▶ [Exercise objective] Beginning with the first line of the entries below, quote each line until you reach and include the line with "7 10 X7 10 Square".

------------------------------------------------

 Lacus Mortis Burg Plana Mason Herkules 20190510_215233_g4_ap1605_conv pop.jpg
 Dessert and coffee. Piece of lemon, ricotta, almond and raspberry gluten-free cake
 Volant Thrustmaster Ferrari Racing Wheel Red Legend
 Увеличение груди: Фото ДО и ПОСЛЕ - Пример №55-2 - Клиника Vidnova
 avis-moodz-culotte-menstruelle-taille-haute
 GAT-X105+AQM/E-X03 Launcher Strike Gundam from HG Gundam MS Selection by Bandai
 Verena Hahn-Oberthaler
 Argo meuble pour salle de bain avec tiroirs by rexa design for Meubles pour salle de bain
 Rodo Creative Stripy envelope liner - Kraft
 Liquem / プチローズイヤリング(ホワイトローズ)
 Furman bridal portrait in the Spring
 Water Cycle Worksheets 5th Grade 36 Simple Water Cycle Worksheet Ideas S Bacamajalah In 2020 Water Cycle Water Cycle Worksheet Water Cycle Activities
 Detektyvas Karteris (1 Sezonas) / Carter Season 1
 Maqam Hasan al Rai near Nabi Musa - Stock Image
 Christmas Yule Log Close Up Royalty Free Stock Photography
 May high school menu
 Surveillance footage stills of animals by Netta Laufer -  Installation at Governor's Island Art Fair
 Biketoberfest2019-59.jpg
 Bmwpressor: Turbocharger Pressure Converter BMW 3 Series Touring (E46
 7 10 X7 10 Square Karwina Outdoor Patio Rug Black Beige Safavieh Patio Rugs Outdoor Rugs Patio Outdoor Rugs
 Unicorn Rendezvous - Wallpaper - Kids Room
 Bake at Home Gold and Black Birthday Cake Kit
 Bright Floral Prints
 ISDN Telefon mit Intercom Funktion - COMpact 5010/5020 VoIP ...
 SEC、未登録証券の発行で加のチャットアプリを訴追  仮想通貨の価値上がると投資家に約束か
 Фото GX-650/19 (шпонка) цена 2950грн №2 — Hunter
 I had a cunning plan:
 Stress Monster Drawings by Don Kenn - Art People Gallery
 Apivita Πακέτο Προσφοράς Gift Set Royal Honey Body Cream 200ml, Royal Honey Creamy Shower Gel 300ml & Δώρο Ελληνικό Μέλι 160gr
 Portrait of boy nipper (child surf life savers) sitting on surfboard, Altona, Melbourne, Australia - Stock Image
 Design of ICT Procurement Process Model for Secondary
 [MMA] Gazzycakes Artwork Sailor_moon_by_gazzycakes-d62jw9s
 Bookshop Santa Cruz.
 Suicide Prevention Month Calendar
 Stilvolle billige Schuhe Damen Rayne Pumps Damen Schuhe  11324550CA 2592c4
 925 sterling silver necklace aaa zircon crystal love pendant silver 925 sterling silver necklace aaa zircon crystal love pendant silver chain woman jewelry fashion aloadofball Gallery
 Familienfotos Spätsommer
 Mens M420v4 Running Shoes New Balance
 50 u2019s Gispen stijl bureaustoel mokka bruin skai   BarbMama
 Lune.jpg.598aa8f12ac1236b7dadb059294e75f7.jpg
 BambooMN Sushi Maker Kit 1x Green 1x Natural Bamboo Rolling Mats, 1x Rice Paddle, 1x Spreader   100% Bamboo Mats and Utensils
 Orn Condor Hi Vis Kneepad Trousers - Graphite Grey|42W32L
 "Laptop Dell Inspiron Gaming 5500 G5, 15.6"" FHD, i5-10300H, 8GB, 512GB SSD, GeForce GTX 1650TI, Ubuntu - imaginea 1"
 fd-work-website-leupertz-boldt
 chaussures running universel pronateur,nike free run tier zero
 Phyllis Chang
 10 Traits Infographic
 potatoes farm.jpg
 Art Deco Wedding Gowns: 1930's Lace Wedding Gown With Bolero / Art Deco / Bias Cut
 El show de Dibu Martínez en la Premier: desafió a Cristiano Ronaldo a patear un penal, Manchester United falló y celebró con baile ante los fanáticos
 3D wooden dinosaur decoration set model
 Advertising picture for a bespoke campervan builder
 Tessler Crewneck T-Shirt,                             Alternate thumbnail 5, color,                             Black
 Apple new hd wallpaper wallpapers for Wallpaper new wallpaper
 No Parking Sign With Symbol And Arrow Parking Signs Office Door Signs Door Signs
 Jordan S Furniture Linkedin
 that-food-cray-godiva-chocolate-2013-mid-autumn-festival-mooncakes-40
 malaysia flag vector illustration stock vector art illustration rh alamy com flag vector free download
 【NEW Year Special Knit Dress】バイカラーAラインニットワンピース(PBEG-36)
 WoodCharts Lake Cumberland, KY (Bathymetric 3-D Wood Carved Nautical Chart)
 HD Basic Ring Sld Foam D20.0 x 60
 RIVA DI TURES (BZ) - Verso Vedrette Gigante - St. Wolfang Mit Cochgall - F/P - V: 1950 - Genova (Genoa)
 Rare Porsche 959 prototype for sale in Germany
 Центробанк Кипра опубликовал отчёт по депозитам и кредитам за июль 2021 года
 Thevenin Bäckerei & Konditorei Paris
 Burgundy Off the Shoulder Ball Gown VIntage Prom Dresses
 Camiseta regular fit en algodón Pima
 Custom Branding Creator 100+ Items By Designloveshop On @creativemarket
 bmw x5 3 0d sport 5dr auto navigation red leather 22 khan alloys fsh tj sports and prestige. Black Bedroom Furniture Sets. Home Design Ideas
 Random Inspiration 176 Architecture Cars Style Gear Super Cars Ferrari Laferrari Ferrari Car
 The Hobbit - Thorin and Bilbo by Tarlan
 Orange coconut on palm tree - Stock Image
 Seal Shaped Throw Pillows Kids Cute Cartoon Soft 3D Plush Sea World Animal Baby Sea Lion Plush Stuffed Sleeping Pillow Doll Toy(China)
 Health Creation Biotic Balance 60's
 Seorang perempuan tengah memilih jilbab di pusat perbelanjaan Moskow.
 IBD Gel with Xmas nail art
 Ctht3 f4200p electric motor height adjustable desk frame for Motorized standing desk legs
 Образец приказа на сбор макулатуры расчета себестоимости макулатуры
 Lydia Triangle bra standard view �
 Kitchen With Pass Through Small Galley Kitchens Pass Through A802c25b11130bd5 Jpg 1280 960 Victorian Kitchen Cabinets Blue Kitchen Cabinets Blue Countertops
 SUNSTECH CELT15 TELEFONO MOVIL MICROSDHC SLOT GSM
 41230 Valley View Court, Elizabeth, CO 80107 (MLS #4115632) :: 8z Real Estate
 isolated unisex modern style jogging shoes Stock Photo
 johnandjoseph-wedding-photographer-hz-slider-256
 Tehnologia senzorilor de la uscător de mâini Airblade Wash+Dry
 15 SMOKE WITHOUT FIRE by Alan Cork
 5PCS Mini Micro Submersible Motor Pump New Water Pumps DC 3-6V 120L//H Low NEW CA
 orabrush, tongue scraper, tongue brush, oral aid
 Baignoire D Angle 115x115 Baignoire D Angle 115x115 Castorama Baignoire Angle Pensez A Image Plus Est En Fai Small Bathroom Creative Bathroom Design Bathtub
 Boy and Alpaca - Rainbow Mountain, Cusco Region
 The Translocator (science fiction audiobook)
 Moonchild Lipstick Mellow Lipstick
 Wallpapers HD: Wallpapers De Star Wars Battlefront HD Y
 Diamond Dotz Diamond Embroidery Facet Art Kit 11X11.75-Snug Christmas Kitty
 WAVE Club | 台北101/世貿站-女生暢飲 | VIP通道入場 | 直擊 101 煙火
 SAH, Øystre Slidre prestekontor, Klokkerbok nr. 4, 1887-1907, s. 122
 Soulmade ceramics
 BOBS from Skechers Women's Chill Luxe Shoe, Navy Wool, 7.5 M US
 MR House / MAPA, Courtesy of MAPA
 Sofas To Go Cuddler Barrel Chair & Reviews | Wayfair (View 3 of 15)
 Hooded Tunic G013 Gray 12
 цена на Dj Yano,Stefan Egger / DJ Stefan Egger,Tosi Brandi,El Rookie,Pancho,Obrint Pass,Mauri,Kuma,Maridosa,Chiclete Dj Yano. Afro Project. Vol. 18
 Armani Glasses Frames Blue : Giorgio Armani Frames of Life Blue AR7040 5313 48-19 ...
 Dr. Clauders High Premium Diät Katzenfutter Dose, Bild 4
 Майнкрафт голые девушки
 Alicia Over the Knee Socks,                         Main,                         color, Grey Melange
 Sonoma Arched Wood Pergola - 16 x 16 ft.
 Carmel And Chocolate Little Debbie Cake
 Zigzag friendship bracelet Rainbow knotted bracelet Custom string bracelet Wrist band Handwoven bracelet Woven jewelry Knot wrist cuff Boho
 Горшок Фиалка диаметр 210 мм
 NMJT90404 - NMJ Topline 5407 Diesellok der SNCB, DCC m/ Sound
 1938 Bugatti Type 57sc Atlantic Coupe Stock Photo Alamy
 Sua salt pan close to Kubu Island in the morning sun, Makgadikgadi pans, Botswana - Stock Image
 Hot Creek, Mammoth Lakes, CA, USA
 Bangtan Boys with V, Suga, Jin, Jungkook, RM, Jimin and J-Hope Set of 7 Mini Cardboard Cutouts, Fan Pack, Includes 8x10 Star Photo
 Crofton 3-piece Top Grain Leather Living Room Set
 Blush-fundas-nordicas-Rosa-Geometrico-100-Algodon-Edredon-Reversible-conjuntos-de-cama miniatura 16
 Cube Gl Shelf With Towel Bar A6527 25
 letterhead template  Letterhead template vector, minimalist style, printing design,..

------------------------------------------------

▶ [Answer space]
 Lacus Mortis Burg Plana Mason Herkules 20190510_215233_g4_ap1605_conv pop.jpg
 Dessert and coffee. Piece of lemon, ricotta, almond and raspberry gluten-free cake
 Volant Thrustmaster Ferrari Racing Wheel Red Legend
 Увеличение груди: Фото ДО и ПОСЛЕ - Пример №55-2 - Клиника Vidnova
 avis-moodz-culotte-menstruelle-taille-haute
 GAT-X105+AQM/E-X03 Launcher Strike Gundam from HG Gundam MS Selection by Bandai
 Verena Hahn-Oberthaler
 Argo meuble pour salle de bain avec tiroirs by rexa design for Meubles pour salle de bain
 Rodo Creative Stripy envelope liner - Kraft
 Liquem / プチローズイヤリング(ホワイトローズ)
 Furman bridal portrait in the Spring
 Water Cycle Worksheets 5th Grade 36 Simple Water Cycle Worksheet Ideas S Bacamajalah In 2020 Water Cycle Water Cycle Worksheet Water Cycle Activities
 Detektyvas Karteris (1 Sezonas) / Carter Season 1
 Maqam Hasan al Rai near Nabi Musa - Stock Image
 Christmas Yule Log Close Up Royalty Free Stock Photography
 May high school menu
 Surveillance footage stills of animals by Netta Laufer -  Installation at Governor's Island Art Fair
 Biketoberfest2019-59.jpg
 Bmwpressor: Turbocharger Pressure Converter BMW 3 Series Touring (E46
 7 10 X7 10 Square Karwina Outdoor Patio Rug Black Beige Safavieh Patio Rugs Outdoor Rugs Patio Outdoor Rugs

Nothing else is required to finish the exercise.